In this case, there are actually four potential outcomes, corresponding to the case where:
- Individual receives treatment; partner receives treatment
- Individual receives treatment; partner does not receive treatment
- Individual does not receive treatment; partner receives treatment
- Individual does not receive treatment; partner does not receive treatment
If the response of an individual is affected by whether their partner receives treatment, then there are four potential outcomes, not two. Estimating all four potential outcomes requires that we consider the test subjects one couple at a time. We would need to make sure that for some couples, both individuals receive treatment (providing insight for the first potential outcome). We would need to make sure that for some couples, neither individual receives treatment (providing insight for the last potential outcome). And we would need to make sure that for some couples, one person receives treatment and the other does not. This is a little more complicated than the simpler case of no interaction between couples, but it’s not too bad conceptually.
But what does the causal effect even mean in this case? When there are just two potential outcomes (individual receives treatment or doesn’t receive treatment), the causal effect is just the difference in these outcomes. When there are four outcomes, it is not obvious how to combine them to calculate a causal effect, even if we knew what the potential outcomes were. One possibility is to average the two potential outcomes where the individual receives treatment, average the two potential outcomes where the individual does not receive treatment, and subtract the averages.
Another possibility is to ignore the potential outcomes where one individual receives treatment and their partner does not, taking the difference between the potential outcomes where both receive treatment and neither receive treatment. In this case, there is no point in having couples where one person receives treatment and the other doesn’t; it doesn’t tell us anything about the causal effect we are investigating. Instead, we can assign treatment to couples instead of individuals: some couples are randomly selected for treatment and some are not. The couple becomes the experimental unit rather than the individual.
Even if we think SUTVA is satisfied at the individual level, we can actually check for particular violations. We assign treatment to couples, giving a good mix of couples who both receive treatment, neither receive treatment, and receive mixed treatment. If SUTVA is violated, then we should see a dependency between an individual’s response and whether their partner received treatment.
Although interference between units makes the experiment design a little more complex, assuming we know who is partners with whom, we can take this into account with no real conceptual challenges. We can even handle instances where the responses of an individual depend on the treatment assignment of more than one other individual, again assuming we know the connections between individuals.

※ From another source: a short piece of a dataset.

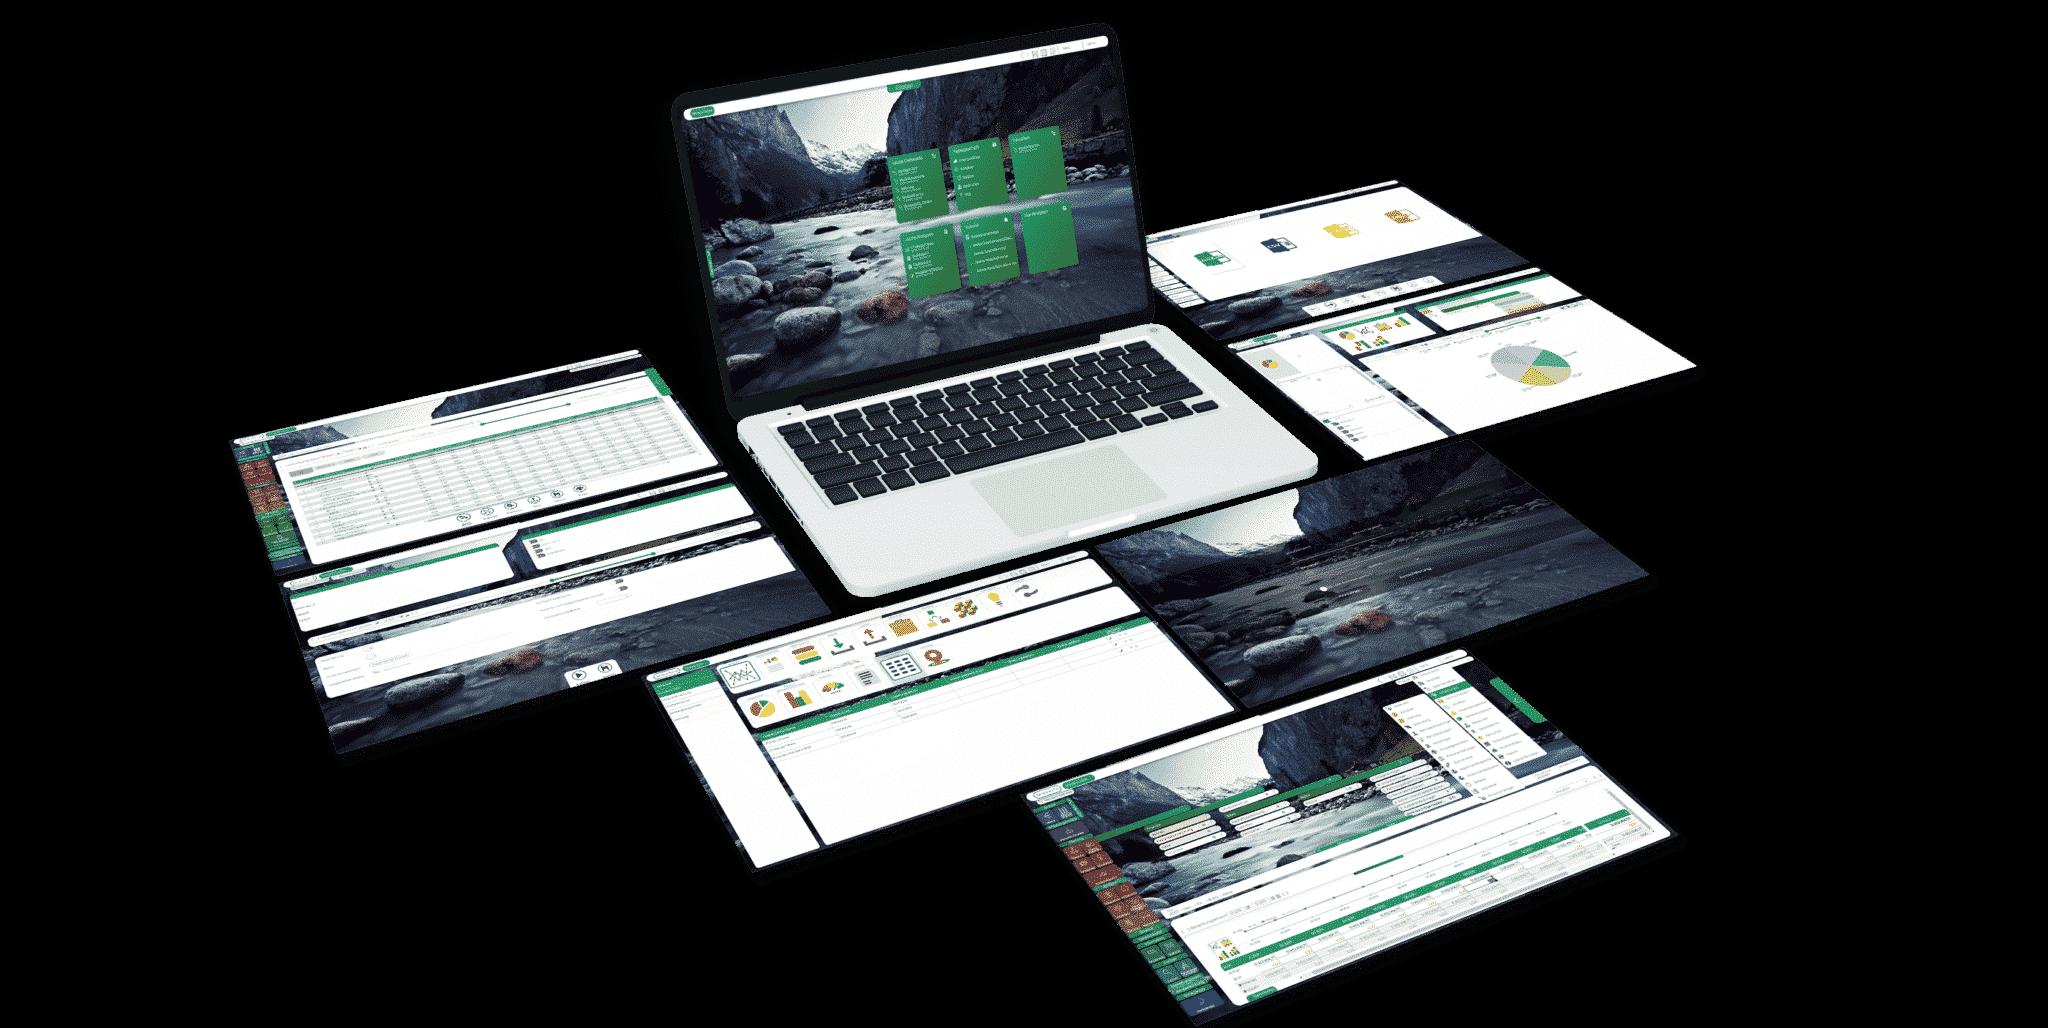 seneca controlling software oberfläche

The real challenge is when we don’t know who is connected to whom. If we didn’t think to record this information, or if we didn’t know in the first place, we would have no way of accounting for interactions between individuals. I’ve never come across a work-around for this! Instead, researchers do their best to ensure that experimental units (individuals, couples, families, classrooms, etc.) are defined so that SUTVA is plausibly satisfied.
Humans being social creatures, SUTVA is an important assumption that should be defended based on domain knowledge, and checked whenever possible. You now know what it is, how to validate it, and what to do when it is violated!